欧州議会は3月30日、賃金の透明性に関する指令案を可決した。雇用主に男女間賃金格差の公開や採用時の賃金情報提供を義務付けるほか、労働者が同等の仕事をしている他の労働者の平均賃金レベルの情報を得る権利、賃金格差の分析と是正を進める「共同賃金評価」規定、賃金差別被害者の司法アクセスなどを定めた内容。EU加盟国は3年以内に国内法を整備する見込みだ。
男女間賃金格差の開示をめぐっては、EUを中心に2000年前後から賃金透明化に向けた議論や立法の動きがあり、2014年3月には「透明性を通じて男女同一賃金原則を強化する欧州委員会勧告」が出されている。日本で22年7月に300人超企業に義務化された、男女間賃金格差開示の動きの背景になったとの指摘もある。

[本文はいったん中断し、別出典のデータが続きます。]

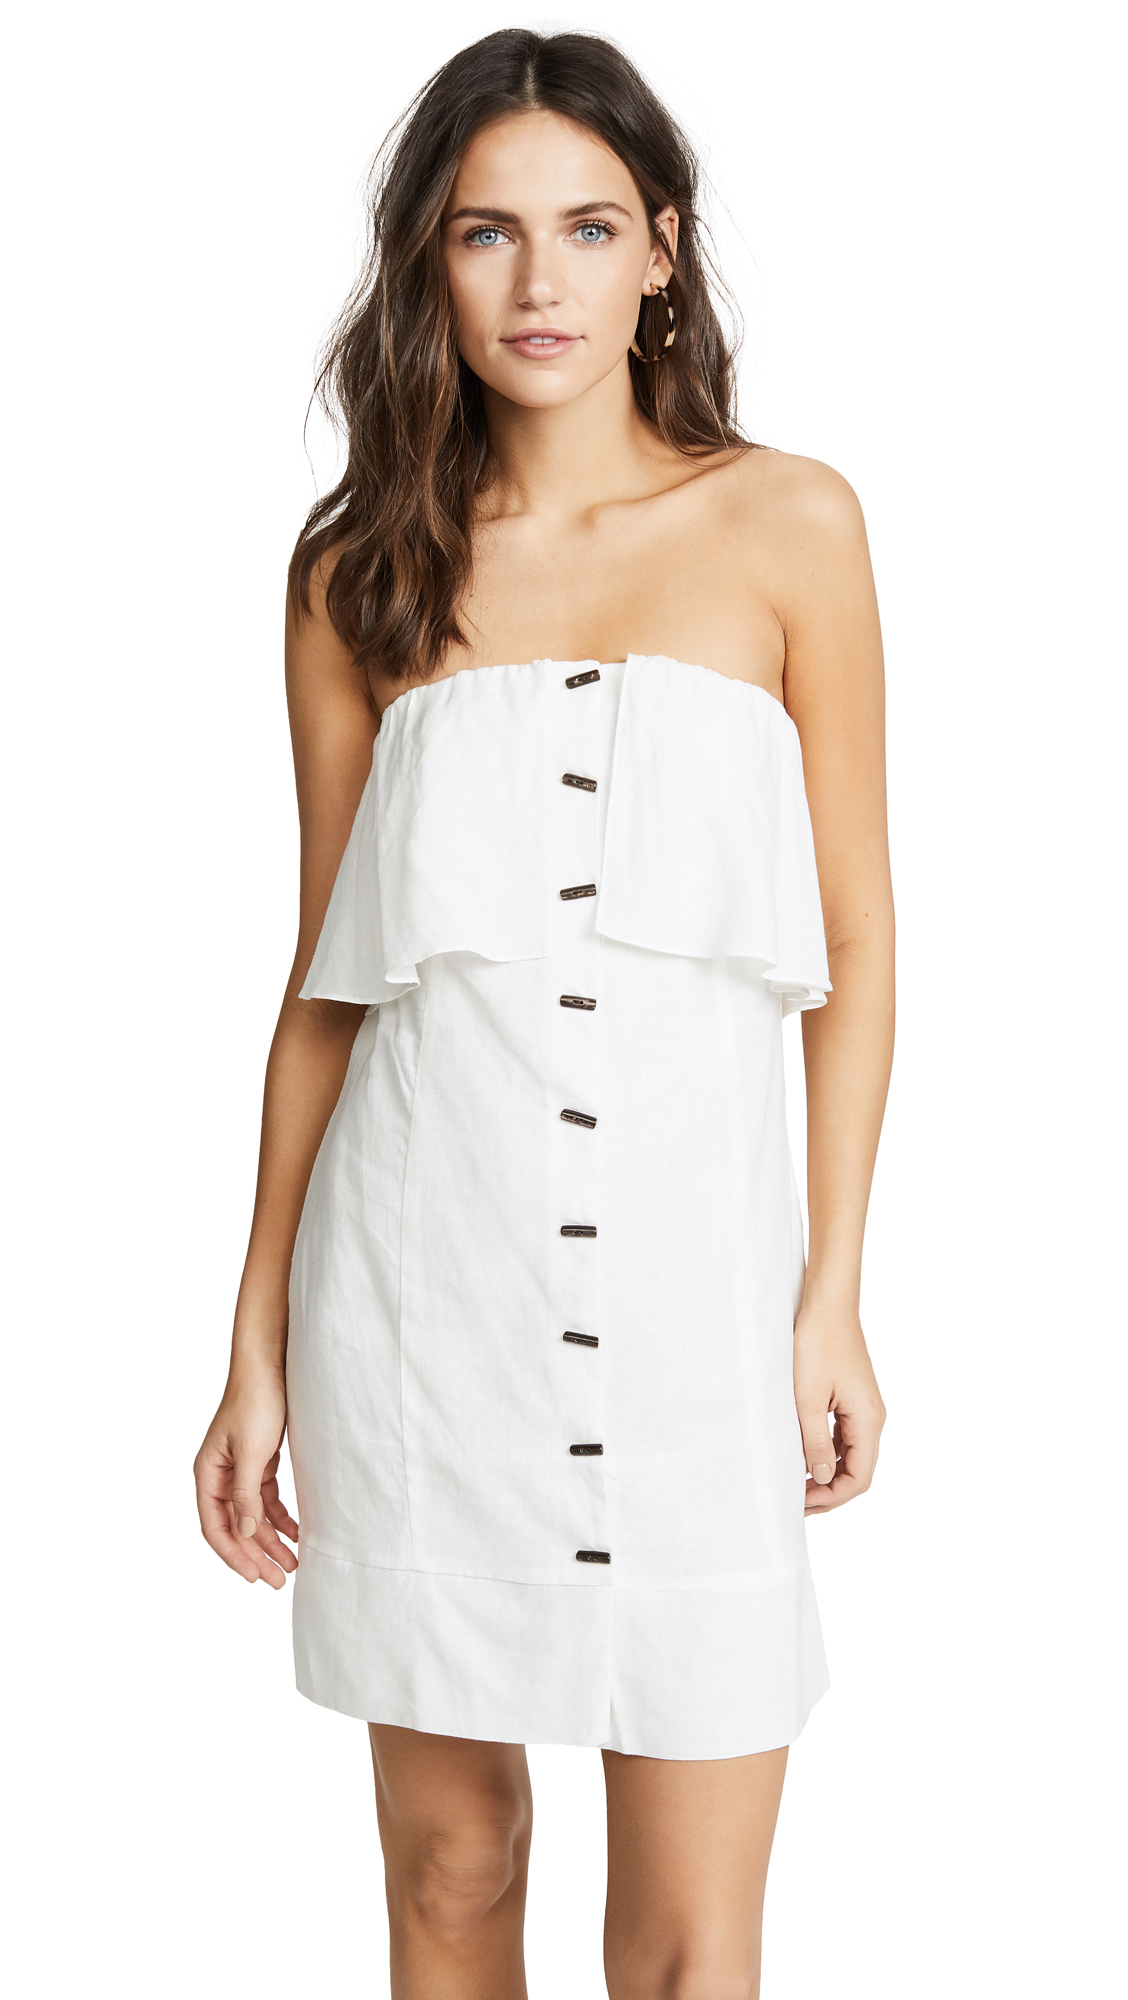 ViX Swimwear Off White Strapless Button Dress - Off White

可決されたEU賃金透明性指令では、250人以上雇用する企業は毎年、100~249人雇用する企業は3年に一度、基本給と変動的部分ごとの男女間賃金格差を公開する義務を負い、労働者は、自身と同一労働又は同一価値労働に従事する労働者範疇について、男女別の平均賃金水準に関する情報の提供を求め入手する情報入手権を持つ。
いずれかの労働者範疇で男女間に5%以上の平均賃金の差異があり、客観的で性中立的な要素で正当化する理由がない場合は、格差是正に向けた労使による「共同賃金評価」を行うことを定める。
そのほか、雇用主の立証責任や労使対話の促進、司法へのアクセス保障などを規定している。